Brown is the Paul J. Thomas Professor of Molecular Genetics, and
Goldstein is the Regental Professor and chairman of the Department
of Molecular Genetics, both at the University of Texas Southwestern
Medical Center at Dallas. They first formed their long-time research
collaboration while doing their residencies in internal medicine
at the Massachusetts General Hospital in Boston from 1966 to 1968.
Later, they joined the faculty of the Department of Medicine of
the University of Texas Southwestern Medical Center, and in 1976,
they were both promoted to professor.
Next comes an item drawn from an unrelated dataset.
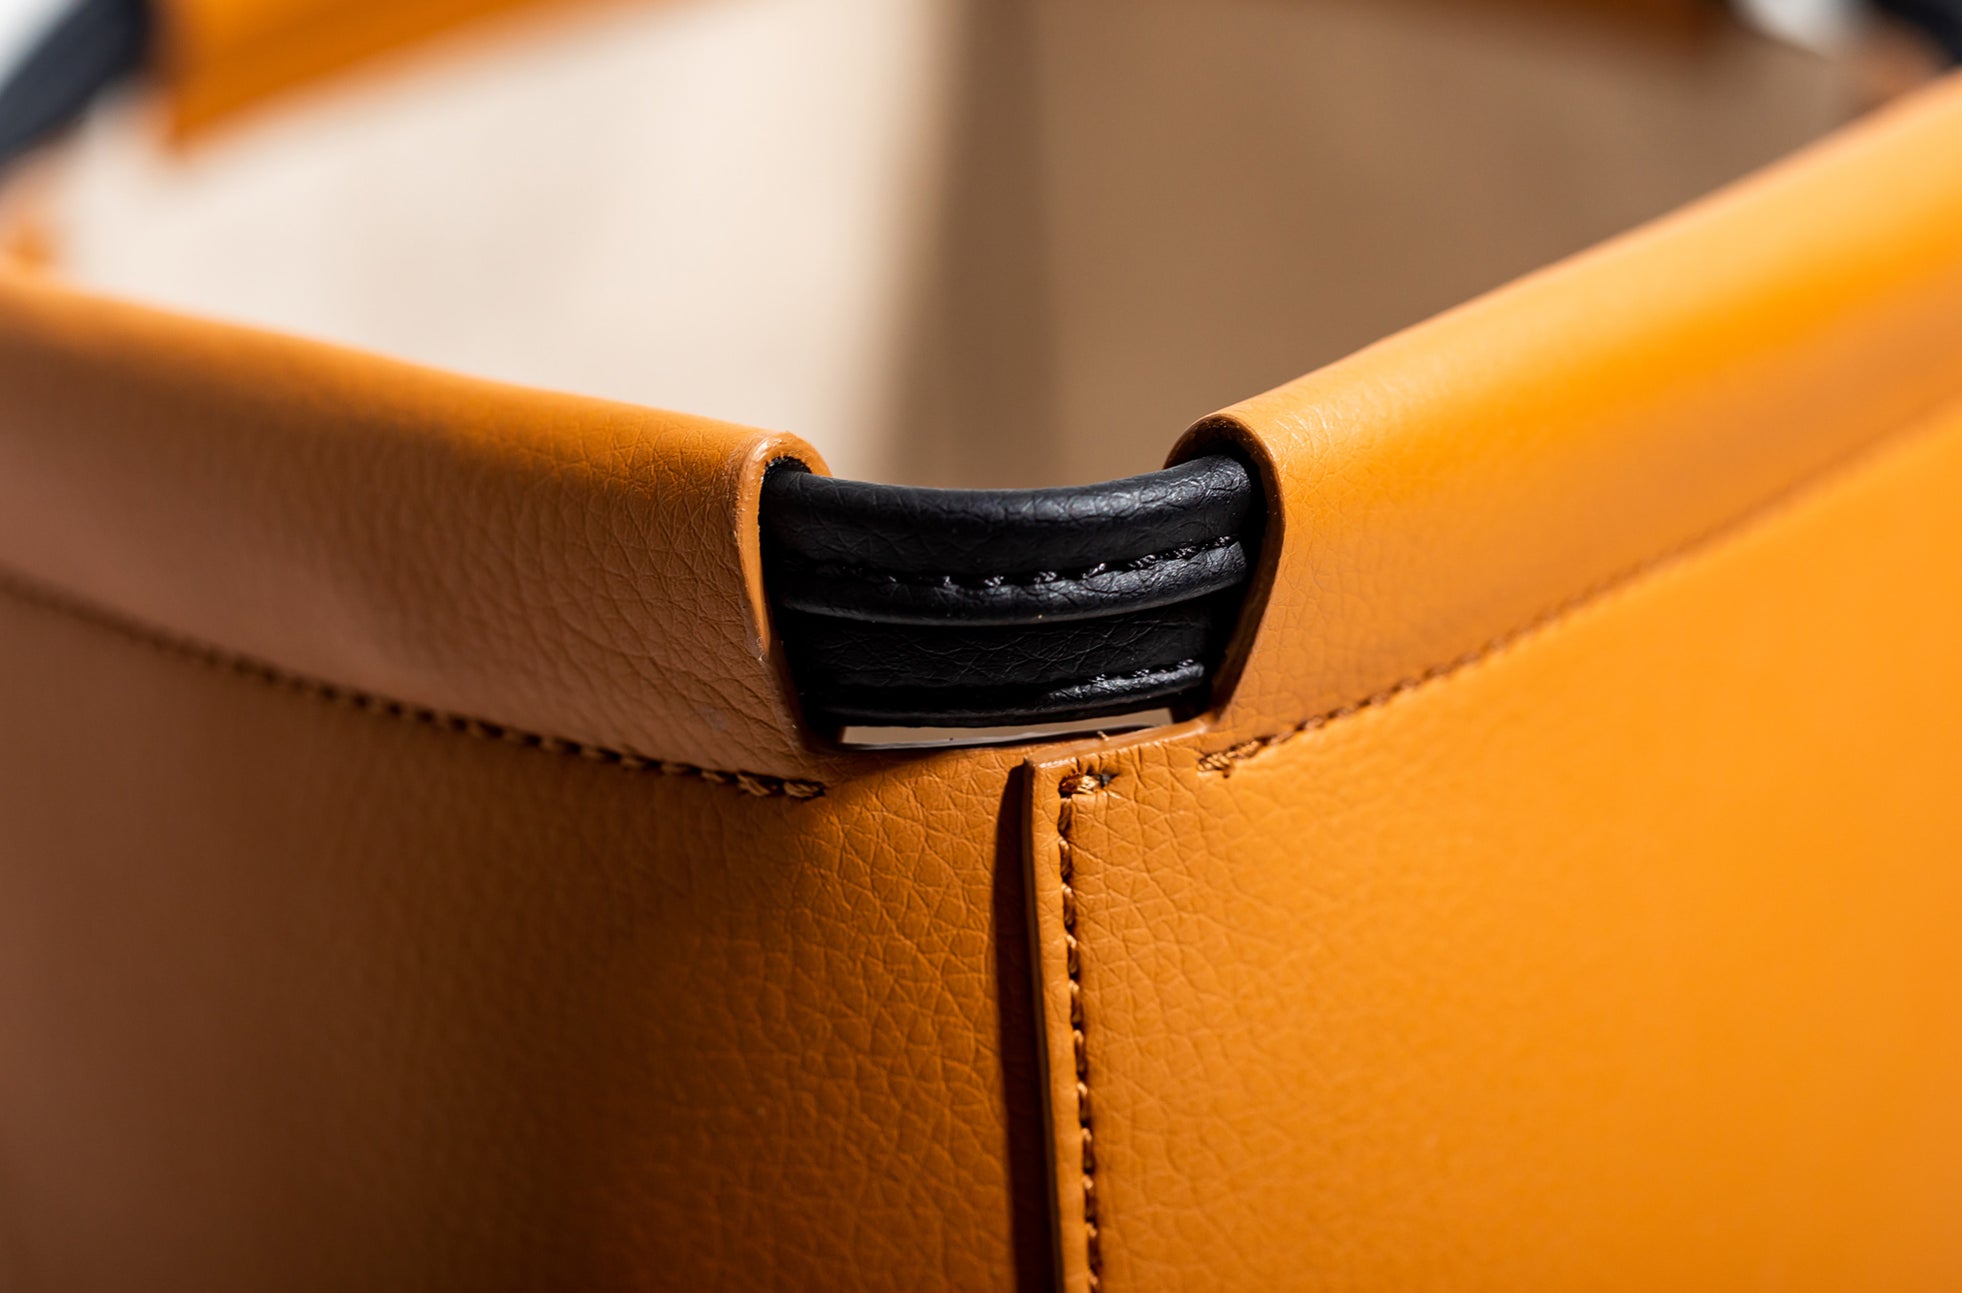 The Market Tote in Technik-Leather in Caramel and Black image 8

In addition, they have both
held the titles of Regent Professor of the University of Texas (1985)
and Distinguished Chair in Biomedical Sciences (1989).
Brown became the Director of the M.D./Ph.D. program in 1996, and
Goldstein has been Chairman of the Department of Molecular Genetics
since 1977.
Brown and Goldstein are members of the National Academy of Sciences,
the American Society of Arts and Sciences, the American Philosophical
Society, the Institute of Medicine and many other organizations.
They also serve on several editorial boards and have each received
numerous honorary degrees. Goldstein is a member of the board of
trustees of The Rockefeller University.